Prompt:
Word for word, restate the listing; omit the pictures.

Data below:

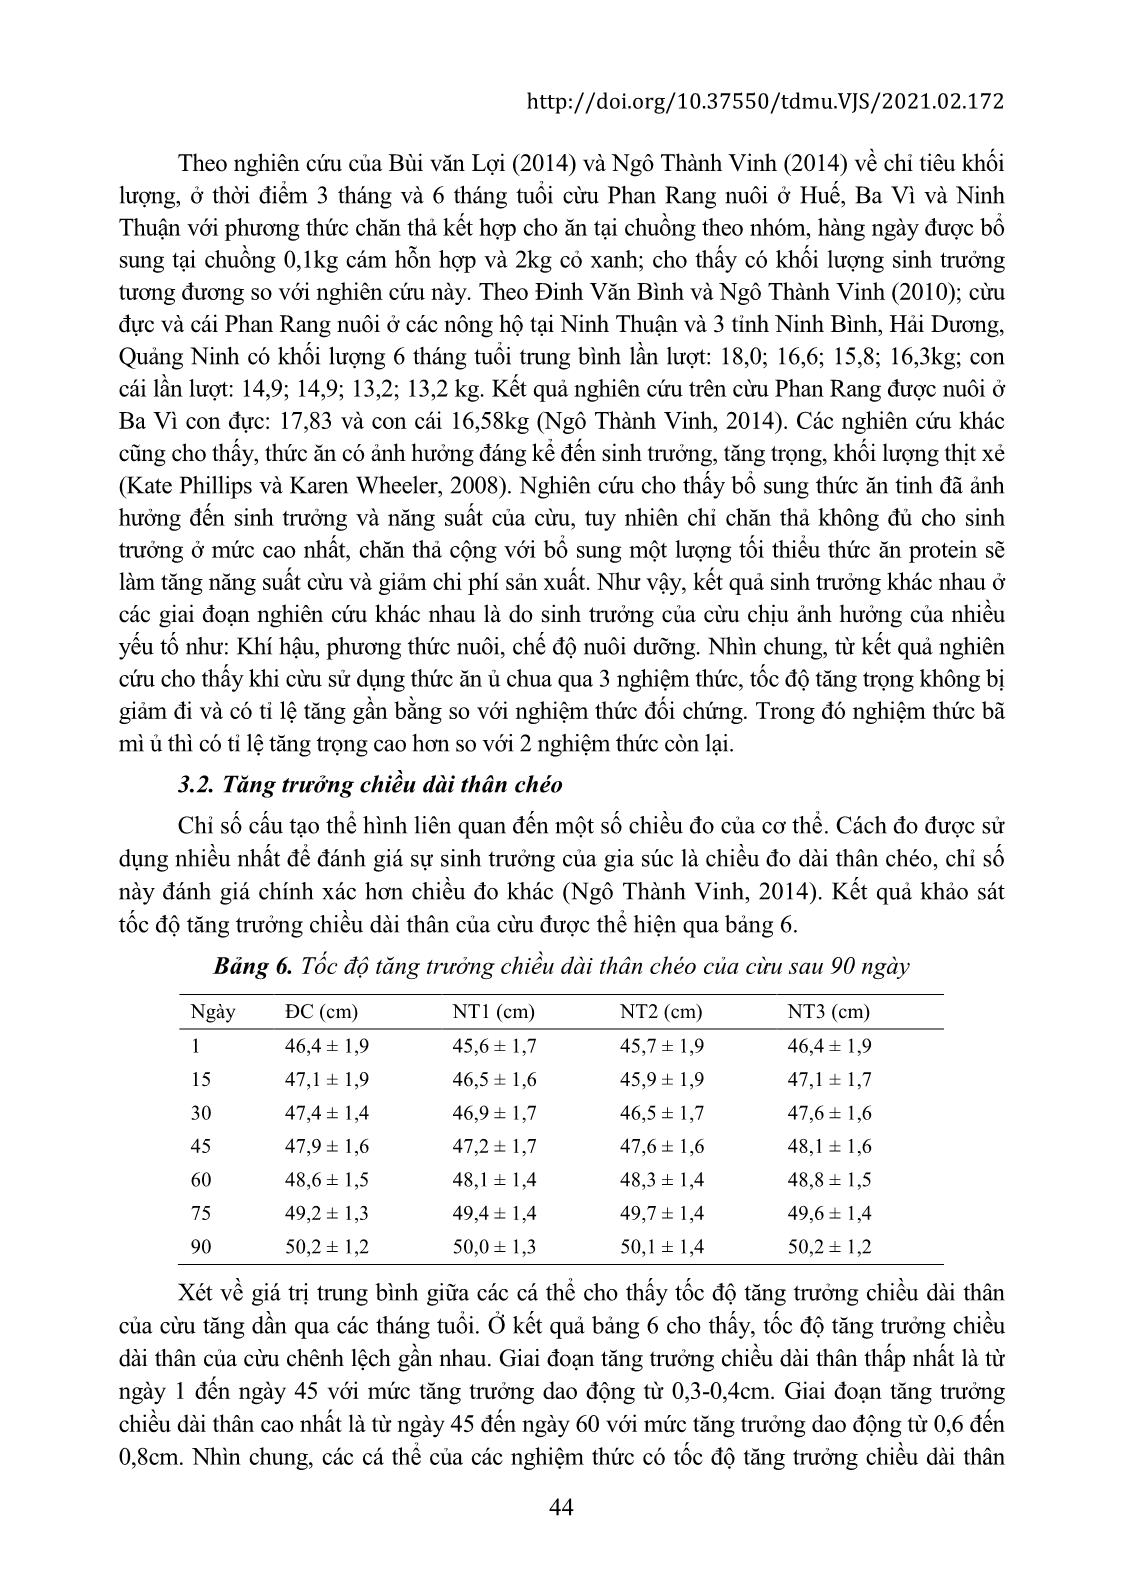 Khảo sát các chỉ tiêu sinh trưởng của cừu Phan Rang khi sử dụng thức ăn ủ chua trang 5
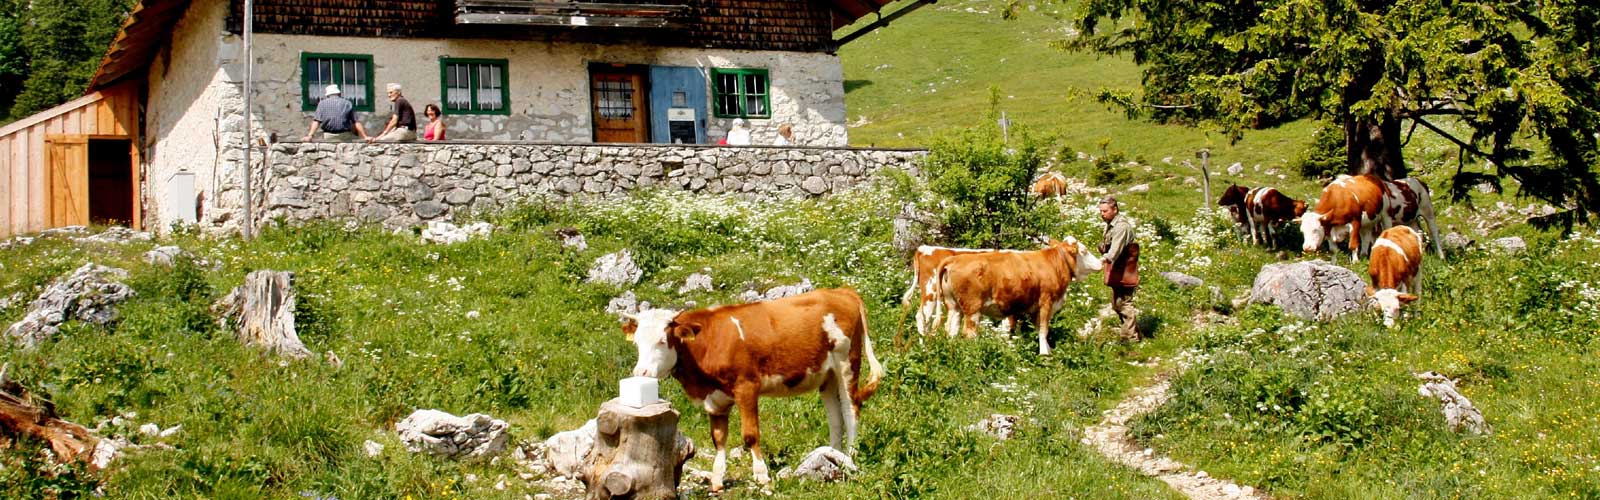 Casa Salesai Carano Vacanze in Val di Fiemme in Trentino
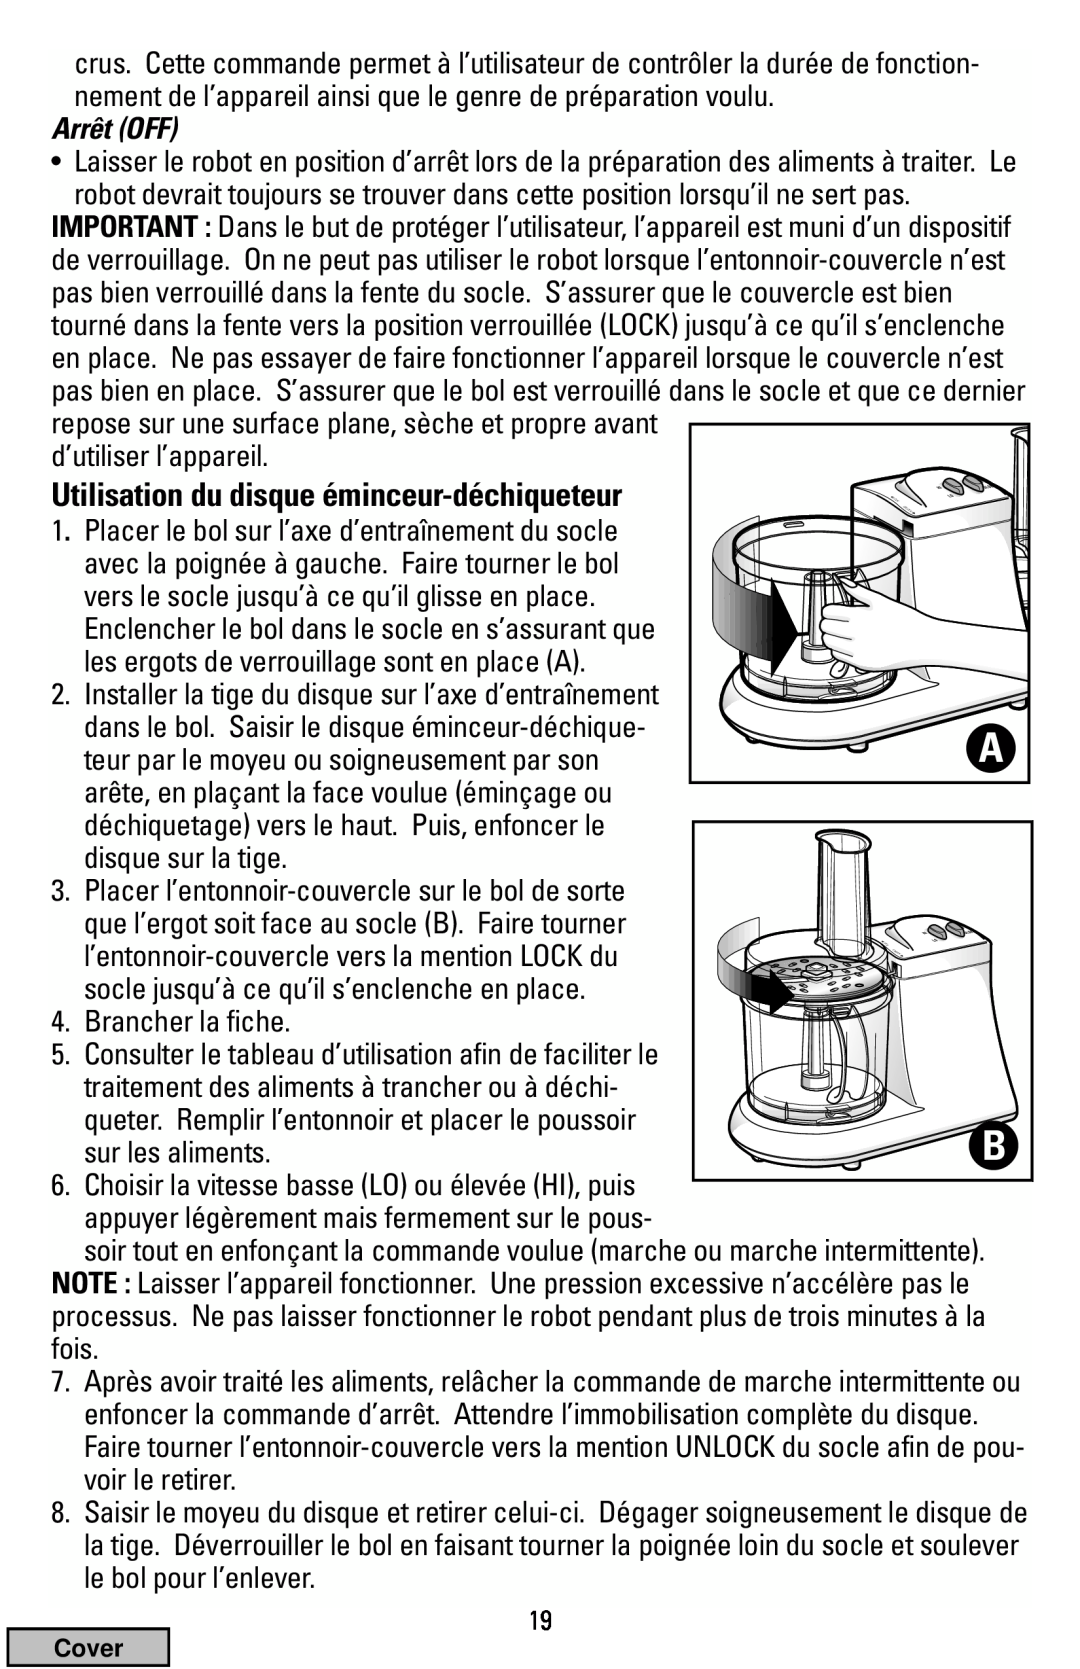 Black & Decker FP1200 manual Utilisation du disque éminceur-déchiqueteur, Arrêt OFF 
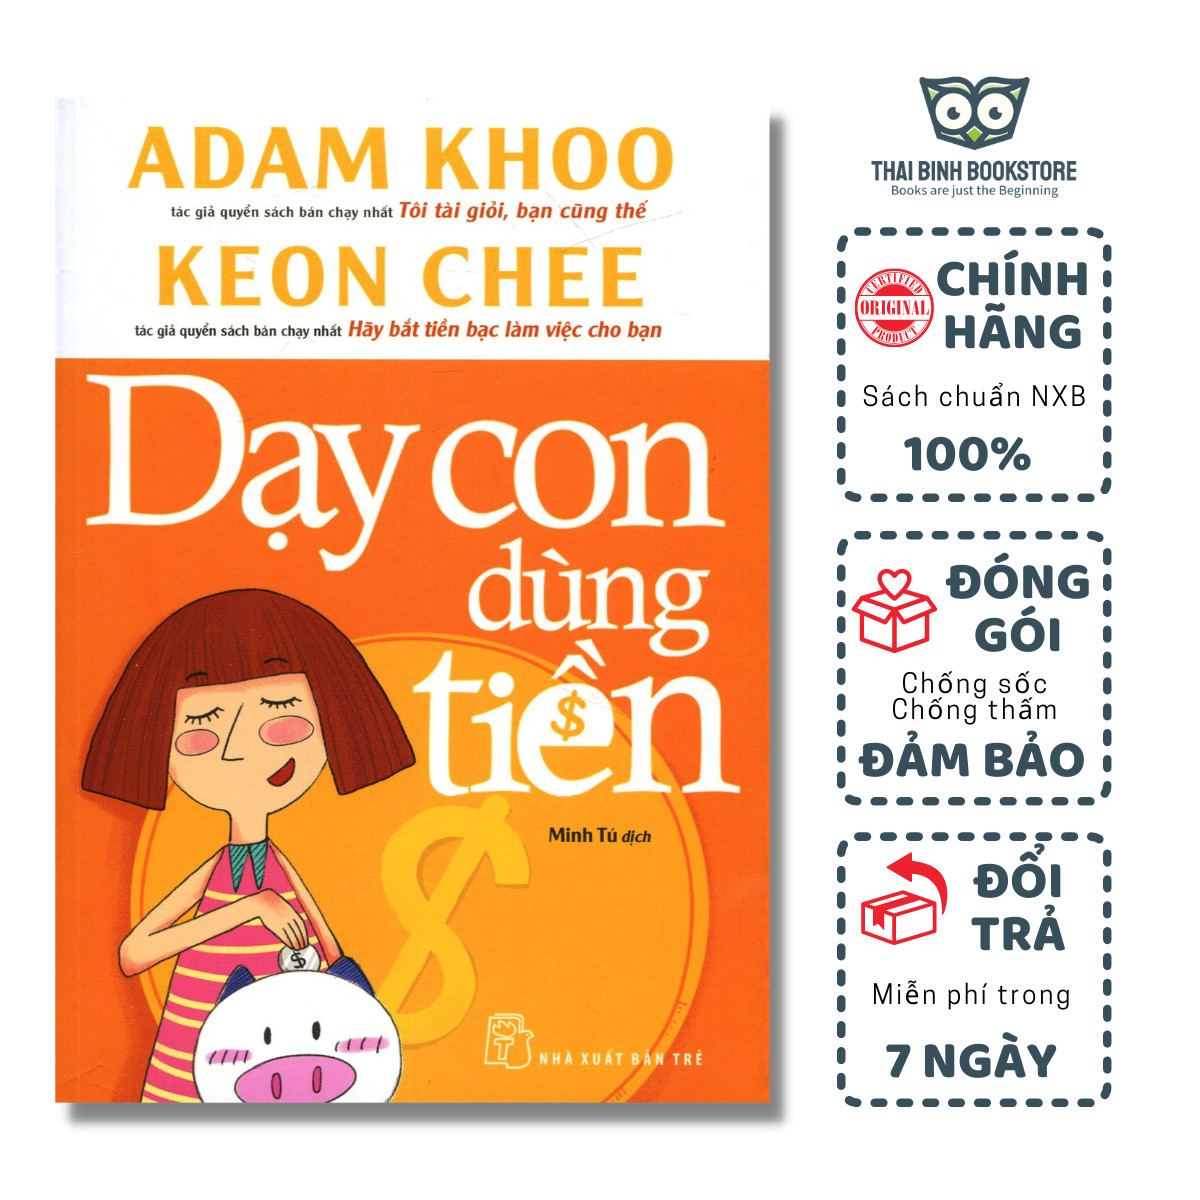 Sách - Dạy Con Dùng Tiền - Adam Khoo, Keon Chee - Thái Bình Bookstore

Answer below:
 Khảo sát các chỉ tiêu sinh trưởng của cừu Phan Rang khi sử dụng thức ăn ủ chua trang 5
 Casa Salesai Carano Vacanze in Val di Fiemme in Trentino
 Black & Decker FP1200 manual Utilisation du disque éminceur-déchiqueteur, Arrêt OFF 
 Sách - Dạy Con Dùng Tiền - Adam Khoo, Keon Chee - Thái Bình Bookstore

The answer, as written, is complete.